* Records shown:
━━━━━━━━━━━━━━━━━━━━
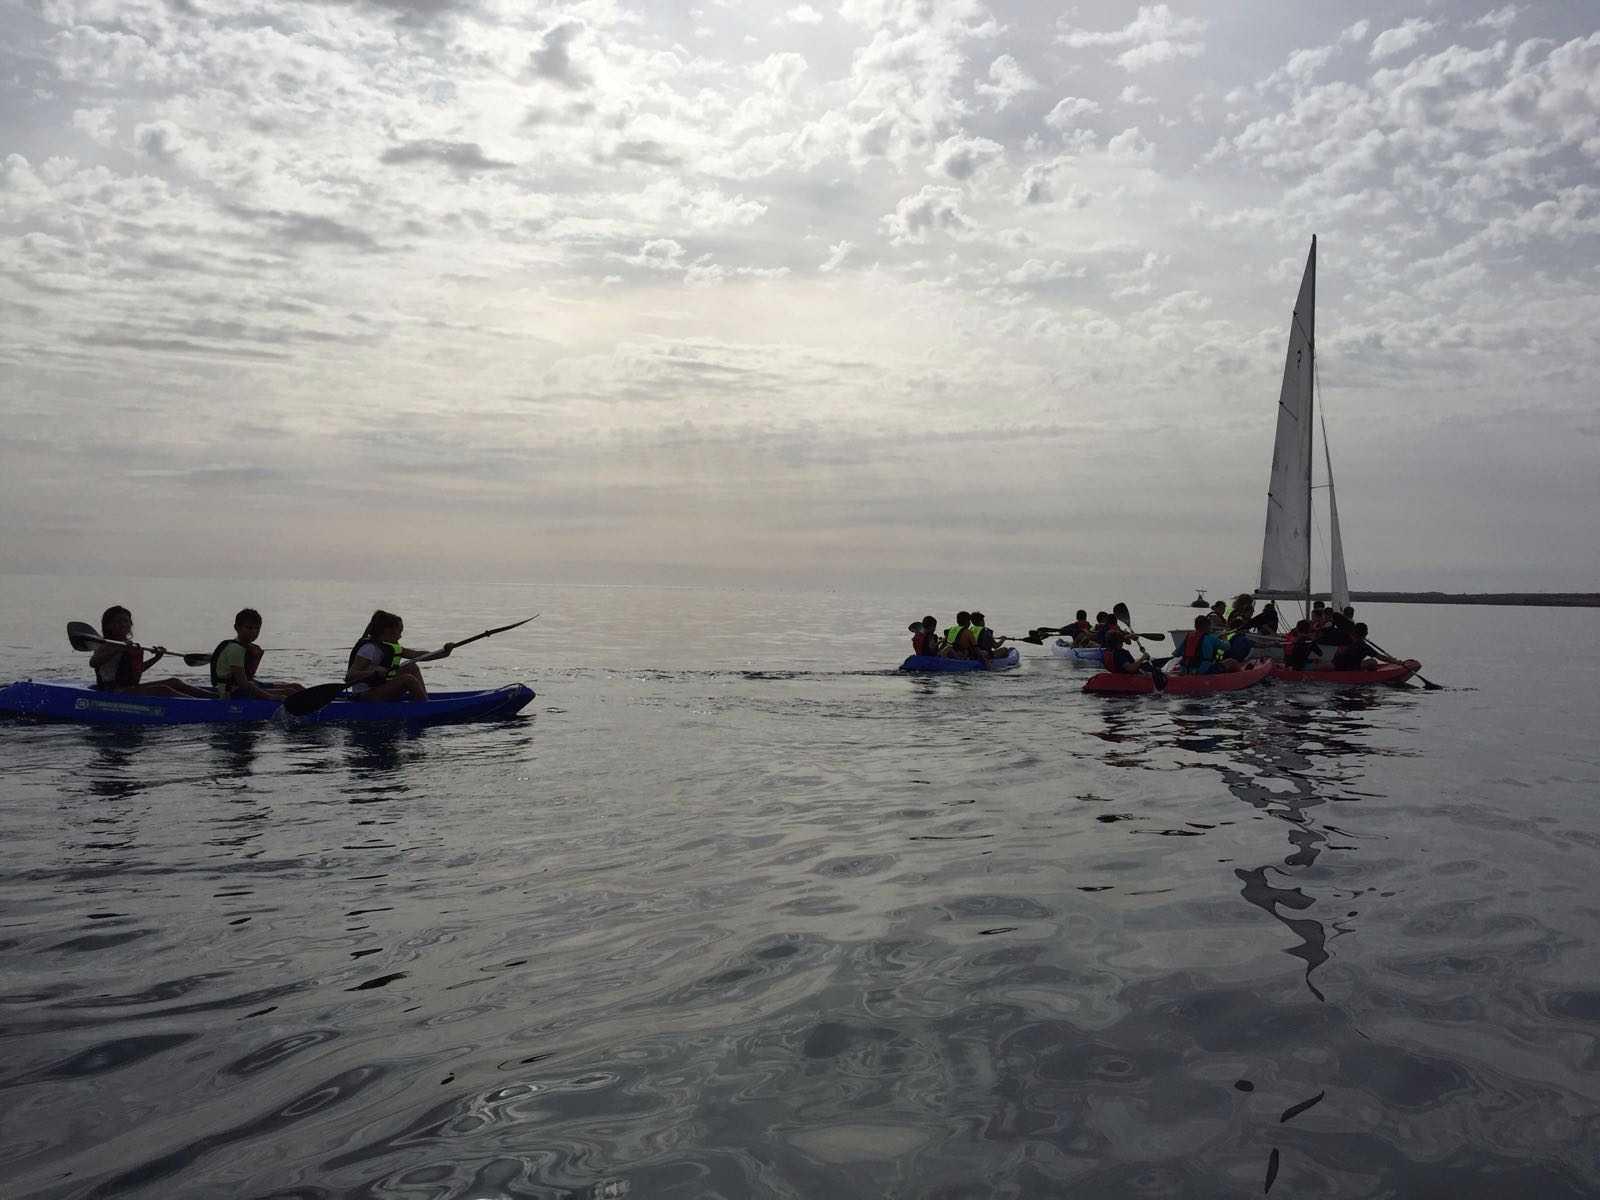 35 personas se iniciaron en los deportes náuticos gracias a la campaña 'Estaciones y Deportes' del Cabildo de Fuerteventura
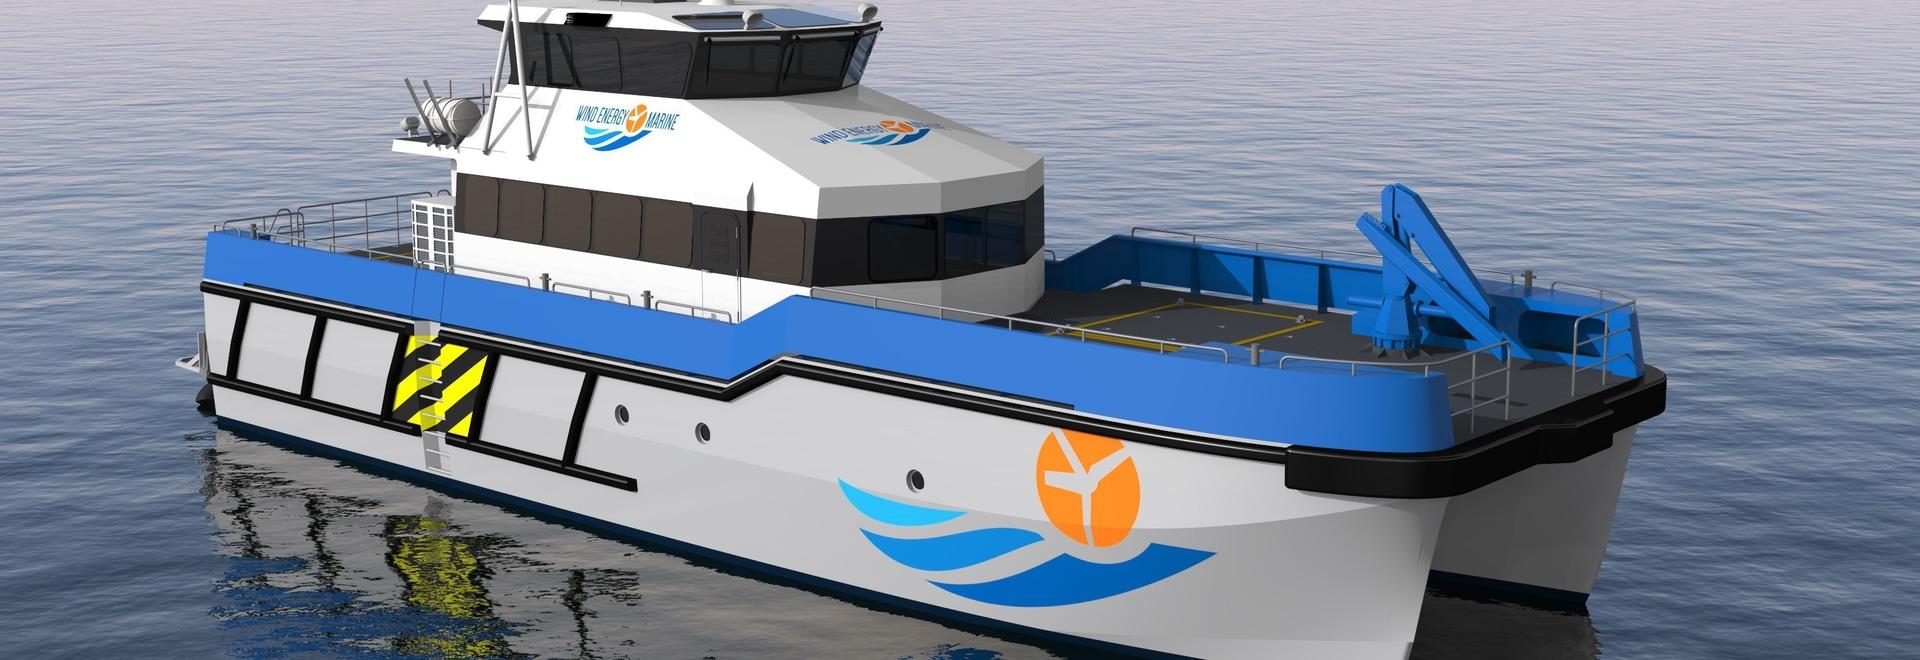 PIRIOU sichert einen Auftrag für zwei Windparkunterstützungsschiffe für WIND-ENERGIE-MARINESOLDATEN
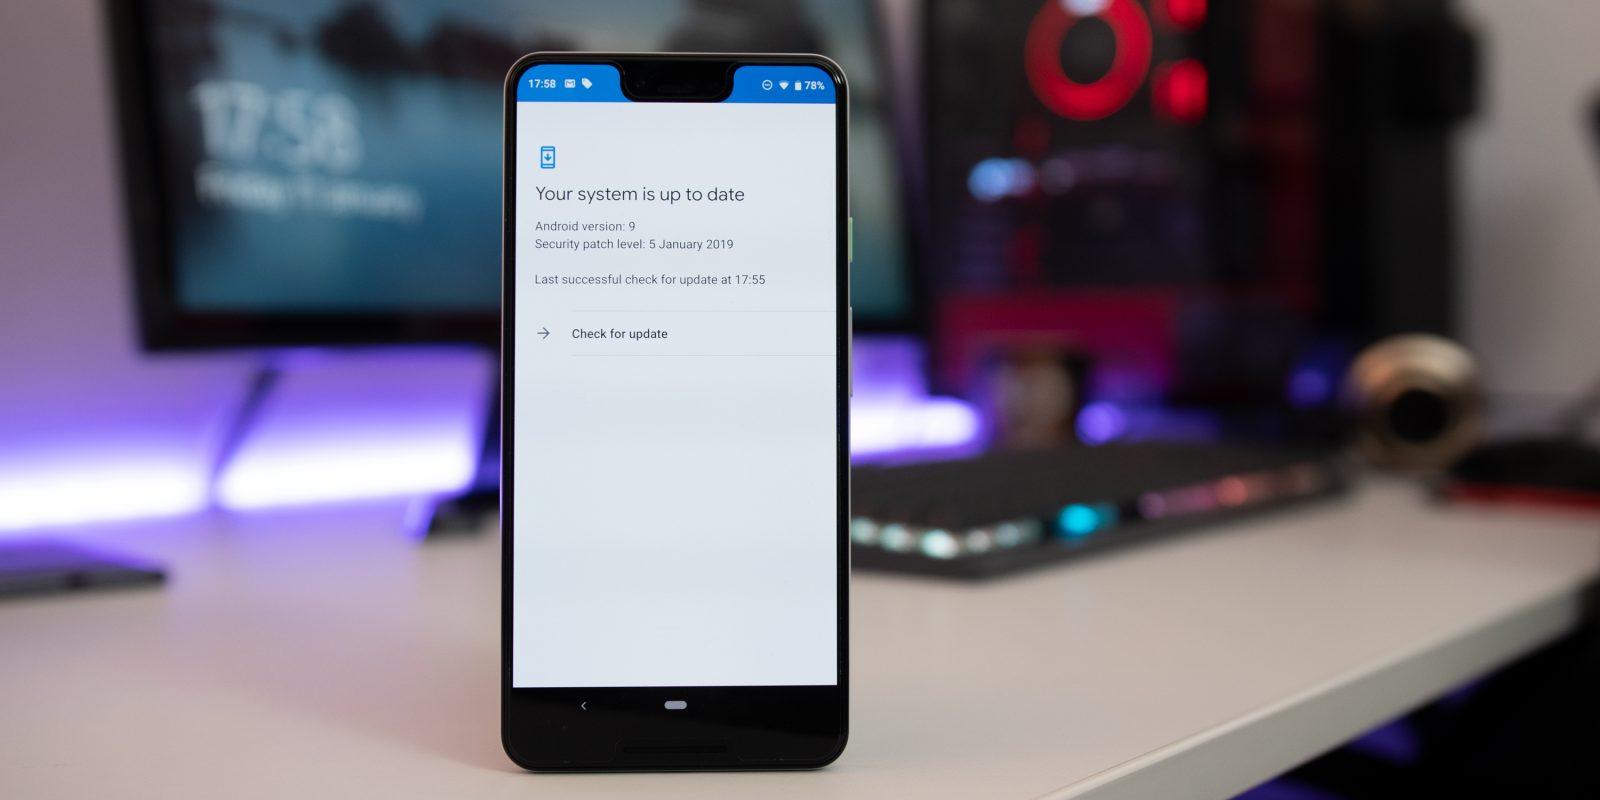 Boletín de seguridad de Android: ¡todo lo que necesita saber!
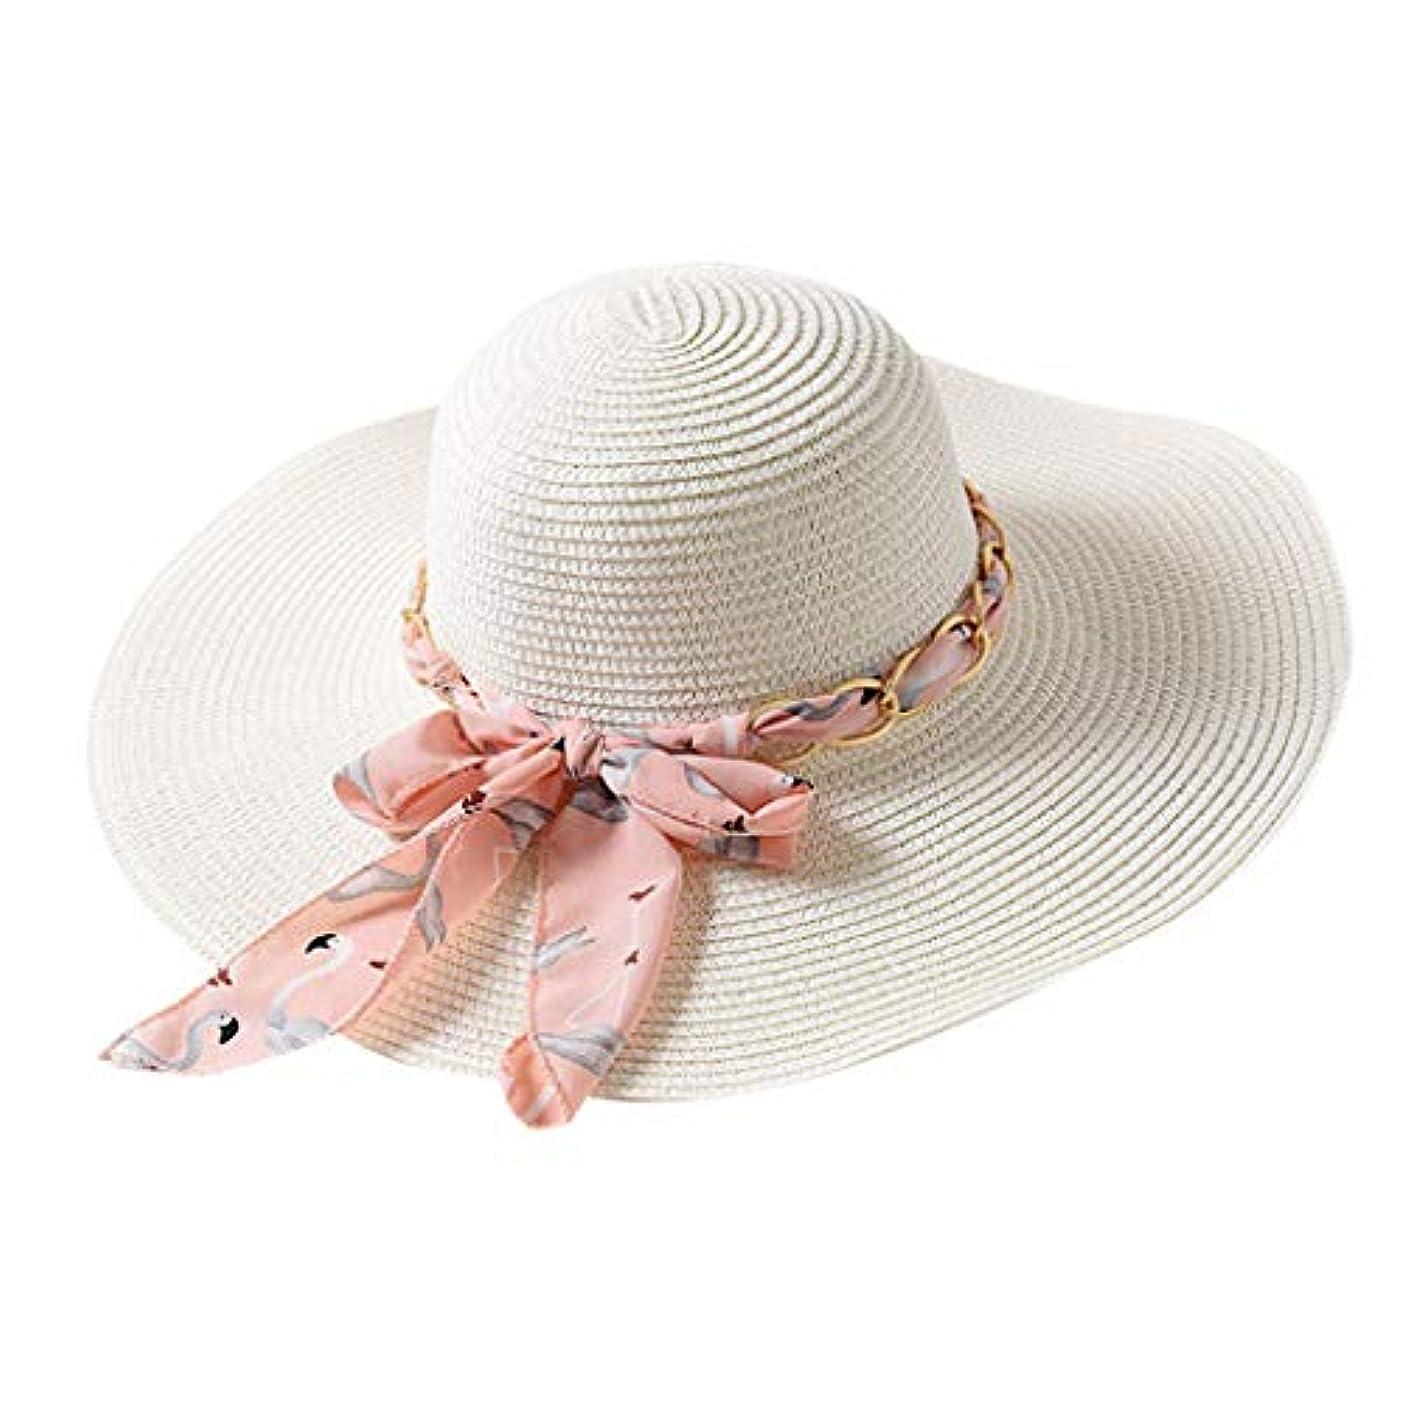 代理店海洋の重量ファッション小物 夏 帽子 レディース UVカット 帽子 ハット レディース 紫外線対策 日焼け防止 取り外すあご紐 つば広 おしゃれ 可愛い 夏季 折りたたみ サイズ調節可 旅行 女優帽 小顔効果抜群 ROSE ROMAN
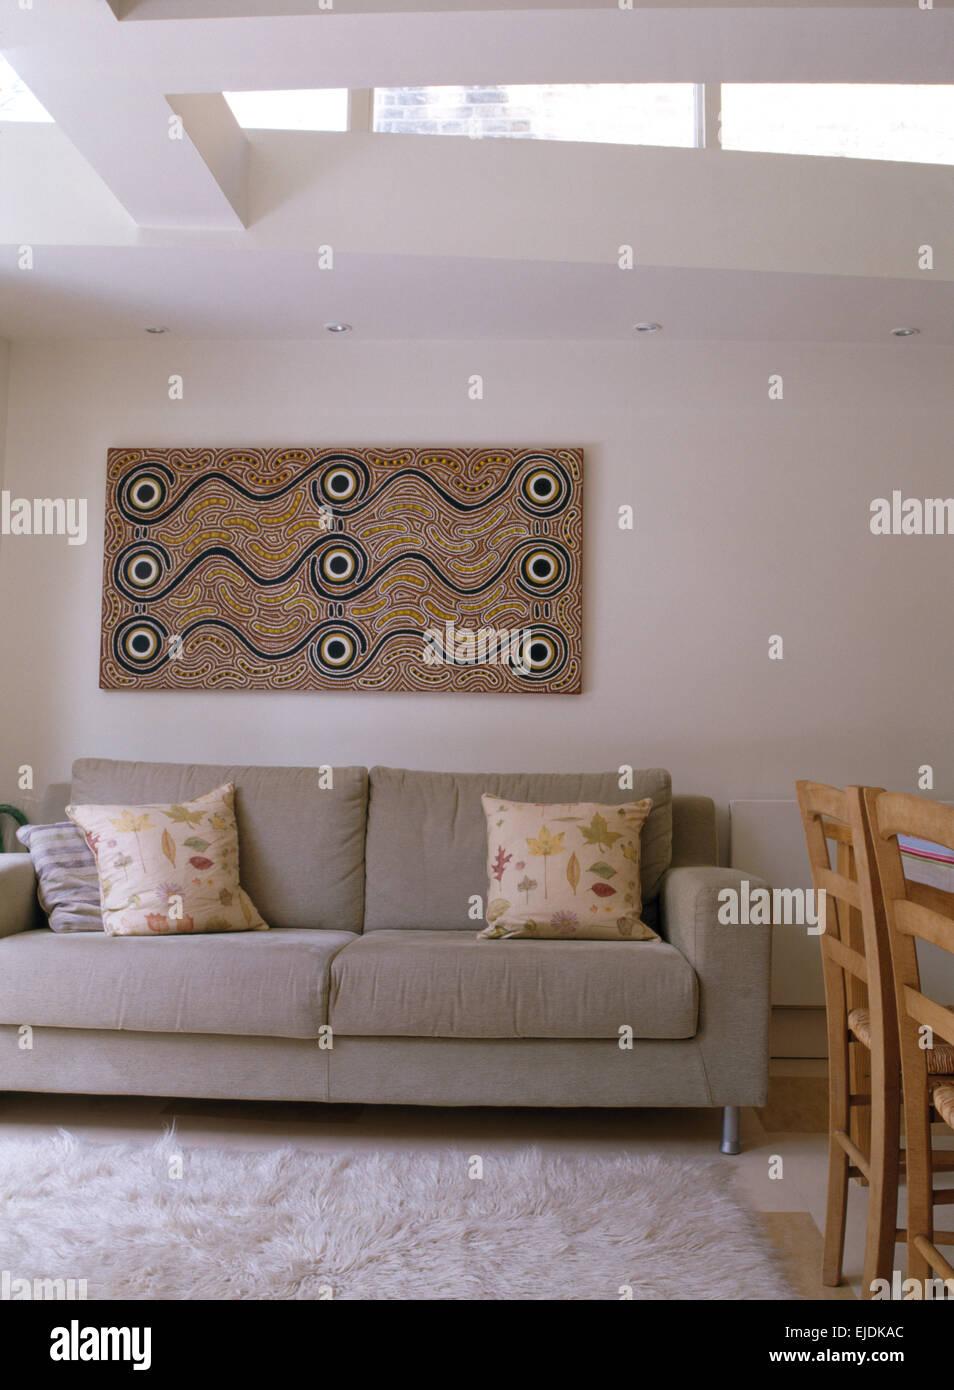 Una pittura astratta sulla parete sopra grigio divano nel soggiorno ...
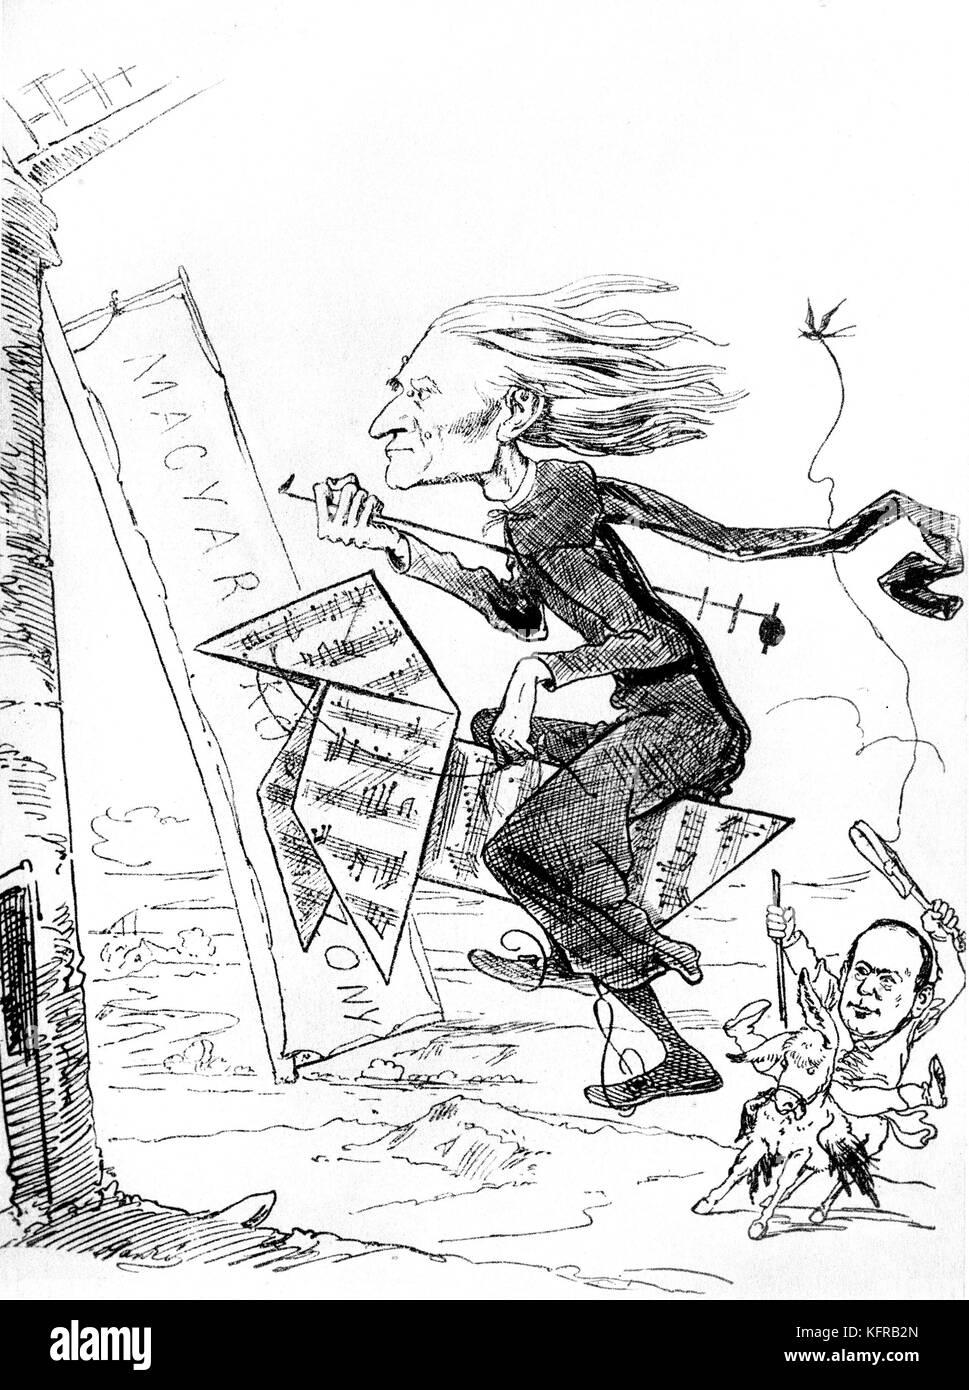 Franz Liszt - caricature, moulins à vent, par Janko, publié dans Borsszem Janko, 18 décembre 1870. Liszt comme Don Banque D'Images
━━━━━━━━━━━━━━━━━━━━
* What the task requires: Take the records above from the line with "Una pittura astratta" down to their last line and please copy those lines exactly, without the pictures.

* Solution to this task:
 Una pittura astratta sulla parete sopra grigio divano nel soggiorno ...
 Franz Liszt - caricature, moulins à vent, par Janko, publié dans Borsszem Janko, 18 décembre 1870. Liszt comme Don Banque D'Images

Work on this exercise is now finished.